L’article 8 fait référence au suivi continu et à la réévaluation périodique.
L’article 9 dispose que l’analyse des risques au niveau national est celle qui figure à l’annexe II et a été effectuée en tenant compte de divers éléments tels que les informations recueillies auprès des parties assujetties, l’examen des vulnérabilités liées à la chaîne d’approvisionnement des réseaux et services 5G, l’évaluation du degré de dépendance des fournisseurs, le risque d’interruption de l’approvisionnement en raison de circonstances économiques, corporatives ou commerciales affectant les fournisseurs ou l’évaluation de l’efficacité des mesures de sécurité appliquées.
L’article 10 relatif à la gestion des risques au niveau national dispose que les critères, exigences, conditions et délais pour les parties obligées de concevoir et de mettre en œuvre des techniques et des mesures d’atténuation des risques sont ceux énoncés à l’annexe III.
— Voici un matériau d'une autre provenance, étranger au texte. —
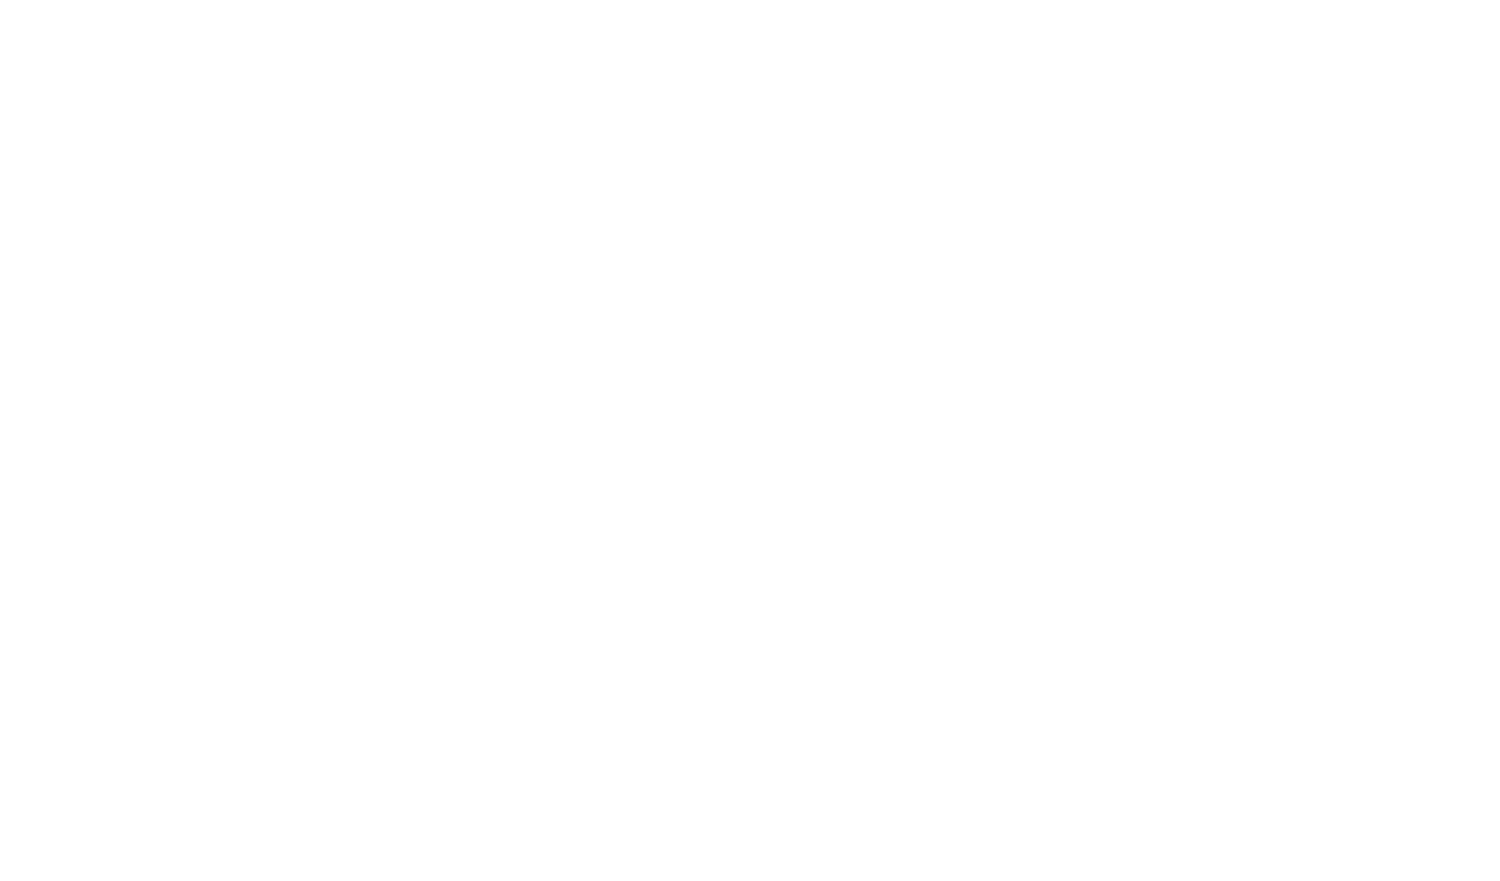 Infertility Counseling Center of Jacksonville

L’article 11 développe les dispositions de l’article 14 du décret-loi royal nº 7/2022 du 29 mars 2022 en ce qui concerne la procédure et les aspects à évaluer par le Conseil des ministres pour la classification des fournisseurs comme étant à haut risque et les éléments à prendre en compte lors de la commande du remplacement éventuel des équipements, produits et services fournis par ces fournisseurs. De même, conformément aux dispositions du décret-loi royal susmentionné, il est précisé que les fournisseurs à haut risque dont les équipements de télécommunications, le matériel, les logiciels ou les services auxiliaires fournis sont utilisés uniquement et exclusivement sur des réseaux privés 5G ou pour la fourniture de services 5G en autosuffisance sont considérés comme des fournisseurs à risque moyen.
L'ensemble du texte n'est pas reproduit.